I watched last year’s “Three Billboards Outside Ebbing, Missouri,” twice, just to make sure it was the profound ethics movie I thought it was. It is. None of the reviews described it that way, of course. Here is the New York Times:

“The movie opens on low boil with Mildred behind the wheel of her station wagon near three derelict billboards…she uses the billboards to announce her crusade … a way to get things jumping (the investigators, the tale) and splash some foreboding on an outwardly pacific scene. Much of the story involves the ripples of outrage, confusion and buffoonery that the billboards inspire and that soon envelop almost everyone Mildred knows. Months after her daughter’s death, grief has walled her in; isolating and seemingly impenetrable, it is inscribed in the hardness of her gaze and in her grim new identity as a mother of a dead girl. The billboards turn that grief into a weapon, a means of taking on the law and assorted men — a threatening stranger, a vigilante dentist and an abusive ex (John Hawkes) — who collectively suggest another wall that has closed Mildred in….”

None of which addresses what is remarkable about the film, which is that it shows what causes our ethics alarms not to ring—Frances McDormand as Mildred and Sam Rockwell as Dixon, a racist and vicious deputy, in particular demonstrate  what it is like to be driven by non-ethical considerations of the darkest and most passionate sort—and more important, what causes them to start ringing again. Most reviewers described this as a dark and depressing film. The ethics alarms are mostly off again as the film ends, and that is ominous, but its main ethics message is uplifting in many ways. “Three Billboards” teaches us that even broken, ignorant, alienated human beings have the capacity to access their innate instincts for compassion, justice, forgiveness, selflessness and kindness, and even when our ethical selves seem permanently overcome and decisively defeated, they can burst out again, in control, salvaging what’s best about the species.

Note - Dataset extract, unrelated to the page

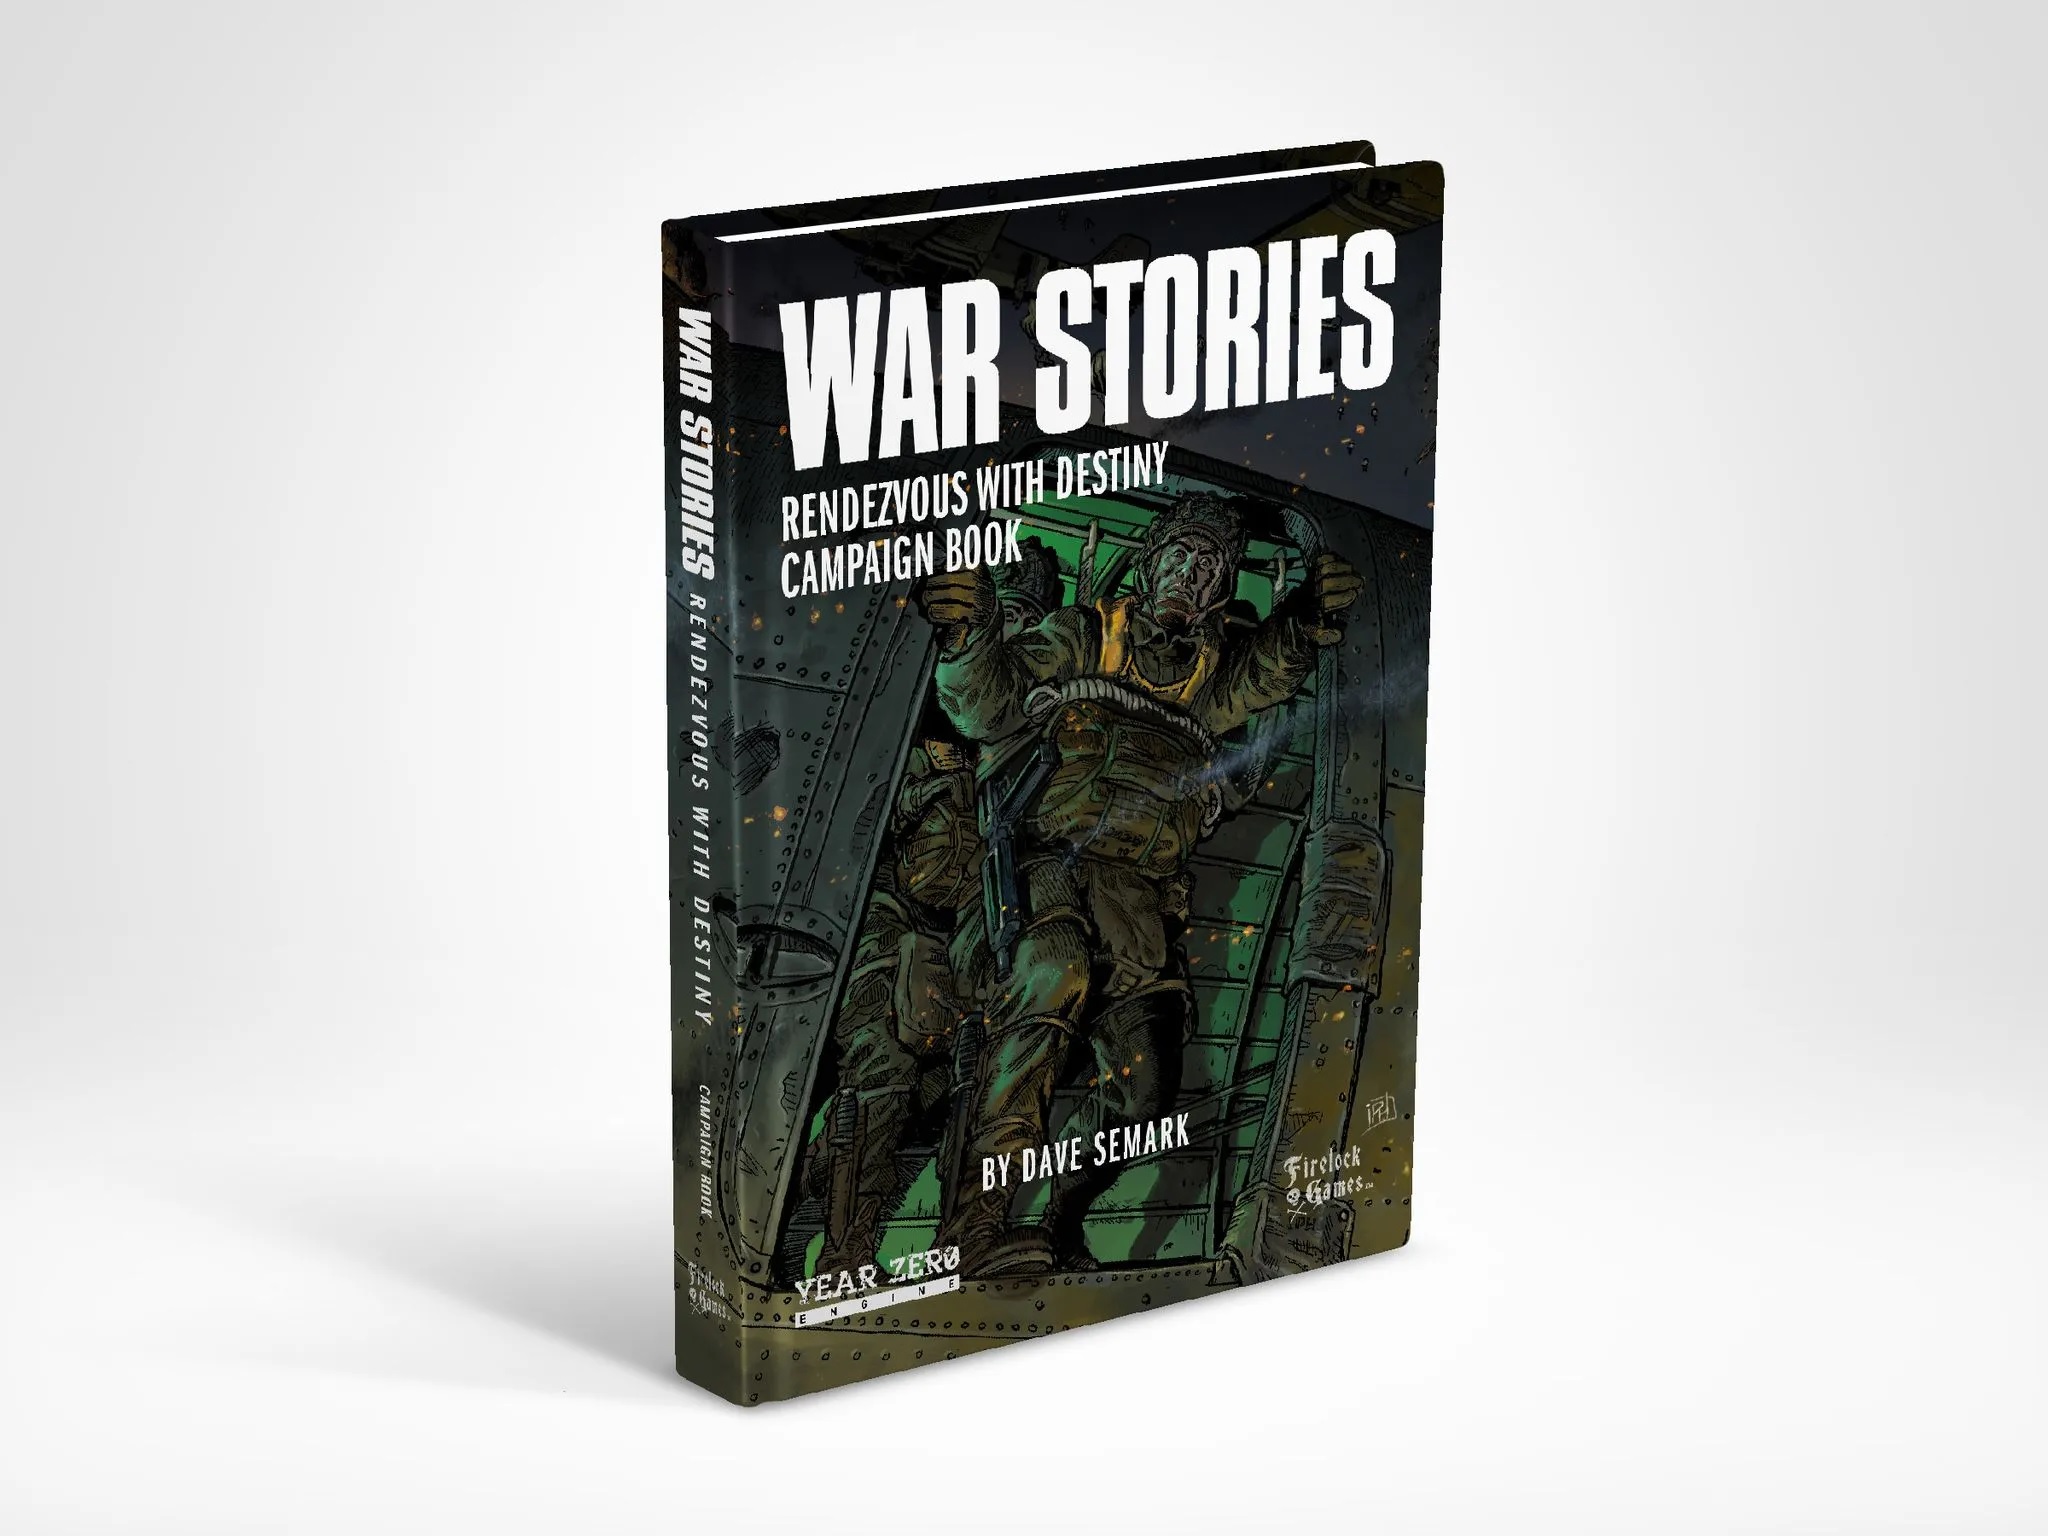 War Stories Campaign Book: Rendezvous with Destiny

There is a moment early in “Three Billboards” that signals that it is not only going to show us what monsters anger and grief can transform us into, but also that what George Washington’s list of 110 Rules called “that little spark of celestial fire called conscience” is remarkably resilient.  A sheriff—the ethics compass of the story, played by Woody Harrelson— visits Mildred after her billboard messages embarrass him and roil the town. She is hard and cold as marble as he tries to explain his failure to find her daughter’s rapist/killer, even after he reminds her that he is dying of cancer. Suddenly the sheriff has a violent  spasm: he coughs up blood on himself and Mildred. And we see her fury evaporate in an instant. The compassionate and caring mother she once was emerges, if only for a few moments. ( McDormand is such a superb actress that she pulls off the sudden transition convincingly and movingly: you believe it, though it is like watching Mr. Hyde turn into Dr. Jekyll in the snap of a finger.) Later, when again her fury has been aroused, we see the same woman firebomb the police station and watch implacably as her nemesis deputy burns. A warning: just because the ethics alarms can ring doesn’t mean they are working well enough.

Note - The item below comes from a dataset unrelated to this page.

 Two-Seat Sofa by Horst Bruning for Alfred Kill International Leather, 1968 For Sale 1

Sam Rockwell’s character also reveals surprisingly that his ethics spark has not been entirely extinguished, again thanks to a catalyst supplied by the sheriff. This transformation caused considerable  criticism of the film among critics and artists in Hollywood, and some attribute the film’s failure to win the Best Picture Oscar to the fact that a racist is redeemed and revealed to have an ethical core. But except for the sociopaths and psychopaths among us, admittedly a disturbingly large group, we all have that ethical core. We have the ethics alarms too, ready to be re-activated, even if they aren’t in perfect working order. Yes, this is  even true of racists. So much of our current political discourse is driven by the false construct that a single belief or a single lapse of reason marks an individual as irredeemable. Its easier to marginalize and demonize them that way. But it isn’t true.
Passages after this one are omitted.